Harga minyak mentah masih bisa lebih tinggi



JAKARTA. Harga minyak kembali memanas. Nilai kontrak harian minyak mentah pengiriman Juni 2011 di Bursa New York, Jumat (29/4) lalu, meningkat 0,95% menjadi US$ 113,93 per barel. Ini adalah posisi tertinggi harga minyak sejak 3 September 2008.

Pemicu kenaikan harga minyak adalah pelemahan nilai tukar dollar Amerika Serikat (AS). Investor beramai-ramai mengalihkan dana dari dollar AS ke komoditas, termasuk minyak mentah.

Penyebab lain gejala ini adalah badai yang melanda AS pekan lalu. Agar efek musibah tak meluas, aktivitas tujuh kilang di Texas, Alabama dan Pennsylvania, ditutup sementara. Tom Kloza, Kepala Analis Perminyakan Oil Price Information Service, memperkirakan badai tersebut telah menghambat produksi minyak di AS sekitar 750.000 hingga 1 juta barel per hari.


Kenaikan bunga

Sebagian besar analis yang disurvei Bloomberg memperkirakan, harga minyak mentah selama pekan ini akan meningkat. "Investor melepas dollar AS karena The Fed menerapkan kebijakan moneter yang longgar," ujat John Kilsuff, partner Again Capital LLC, seperti dikutip Bloomberg, Sabtu (30/4) lalu.

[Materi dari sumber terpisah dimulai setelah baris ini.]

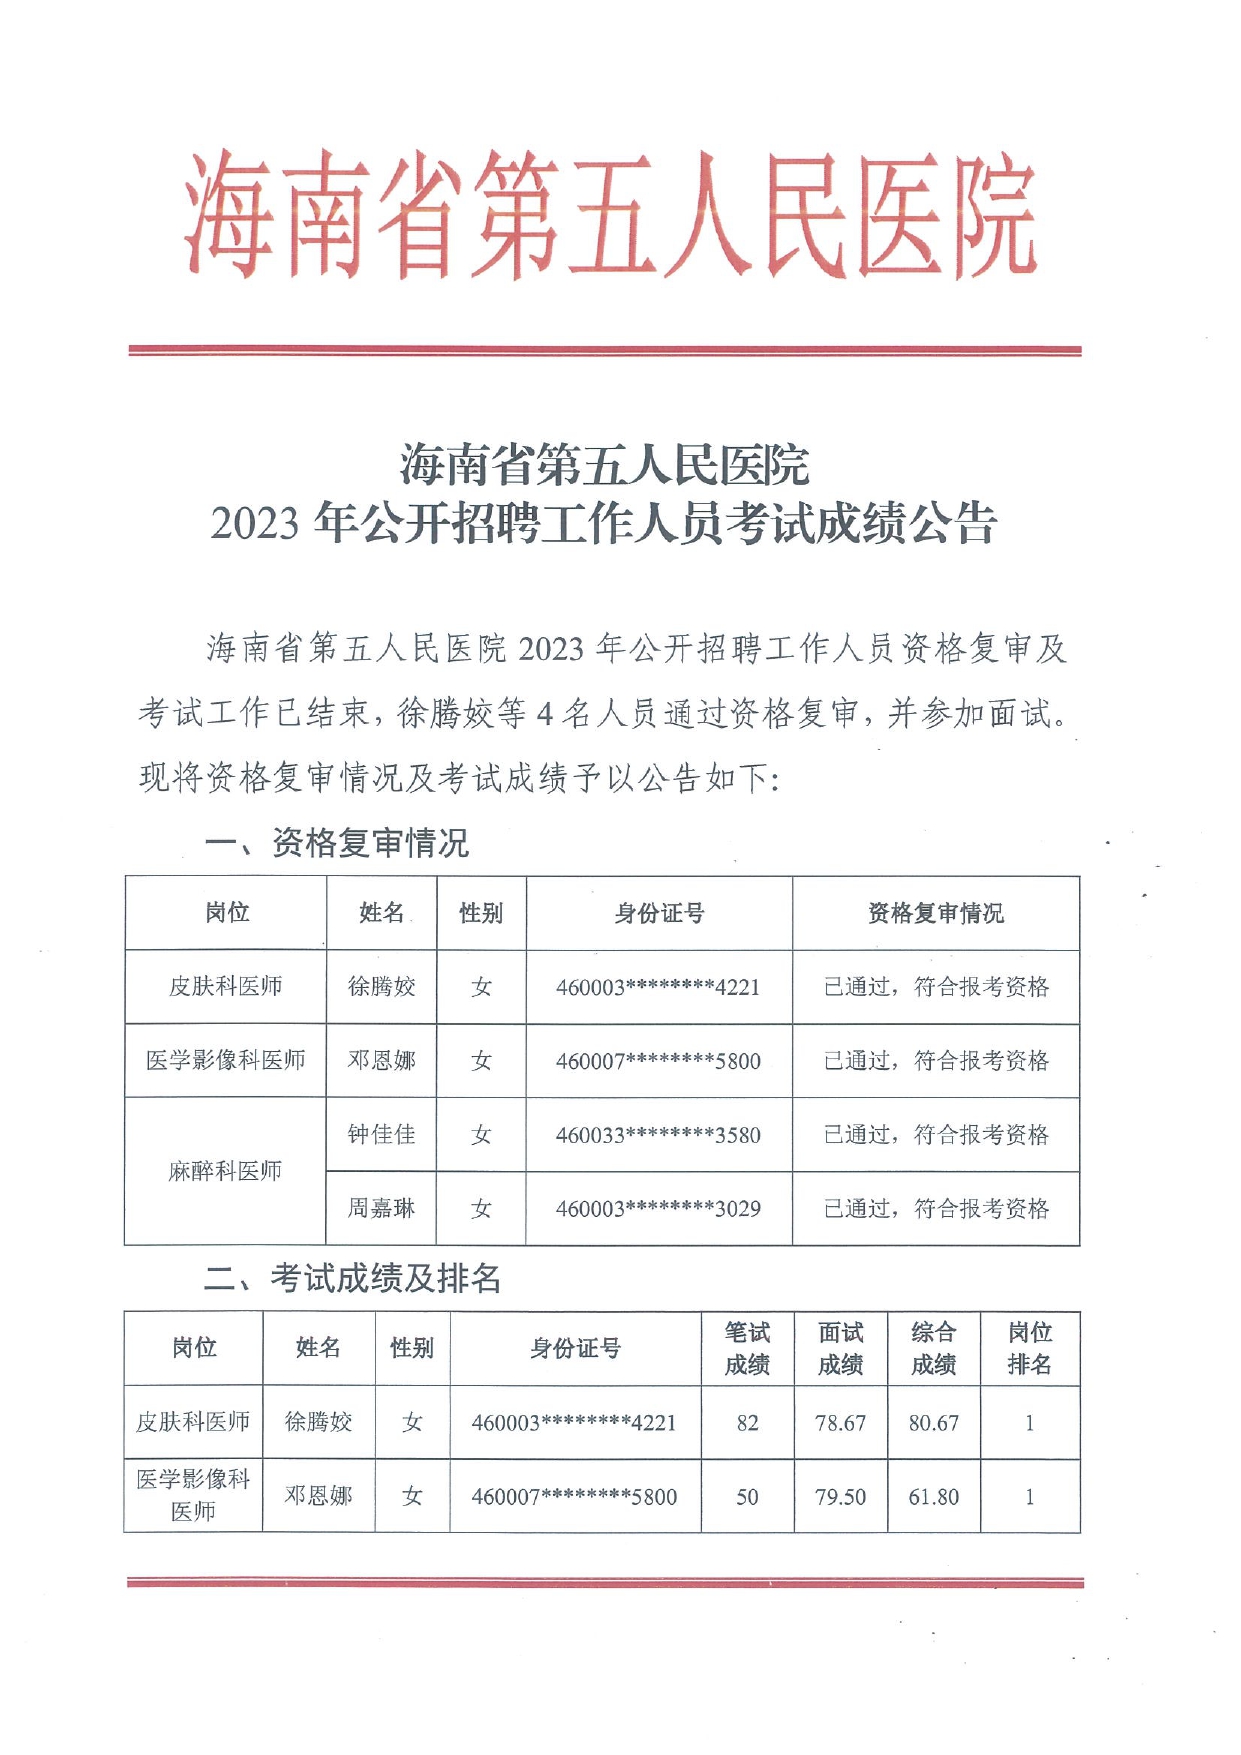 海南省第五人民医院2023年公开招聘工作人员考试成绩公告20230815(1)_page-0001.jpg

Jika tren pelemahan dollar AS bertahan, harga minyak mentah dan komoditas lain akan menanjak selama sepekan ini. Apelles Rizal T. Kawengian, Kepala Divisi Pengembangan Bisnis dan Produk Monex Investindo Futures, melihat tren harga minyak dalam jangka panjang akan terus mendaki.

Dia memprediksi harga minyak mentah di kuartal kedua tahun ini bisa mencapai US$ 115 per barel di level resistance. Sedang posisi support US$ 111 per barel.

Ibrahim, Analis Senior Harvest International Futures berpandangan, kenaikan harga minyak mentah sejatinya bisa melemahkan ekonomi dunia. "Ini terbukti dengan penurunan tingkat produksi industri Korea Selatan yang di bawah estimasi analis," ucap dia, pekan lalu.

Data terakhir mengenai klaim pengangguran (initial jobless claim) di AS juga meningkat dari 25.000 orang menjadi 429.000 orang. Fakta ini pun menjadi sentimen negatif bagi prospek pertumbuhan ekonomi global.

Apalagi, The Fed juga memangkas proyeksi pertumbuhan ekonomi Amerika Serikat pada tahun ini. "Pada minggu ini, harga minyak cenderung terkoreksi, tapi hanya sesaat," prediksi Ibrahim. Koreksi harga minyak diyakini merupakan bentuk antisipasi para pelaku pasar terhadap kenaikan tingkat suku bunga yang akan mungkin berlangsung di sejumlah negara.

Bank Sentral India, Selasa (3/4), berencana menaikkan tingkat suku bunganya. Begitu juga Bank Sentral Inggris dan Bank Sentral Eropa yang akan menggelar pertemuan dalam rangka kelanjutan kenaikan suku bunga.

Tapi, Ibrahim menegaskan, harga minyak tahun ini masih bullish. Dus, koreksi harga minyak saat ini hanya profit taking investor lantaran harganya sudah naik tinggi.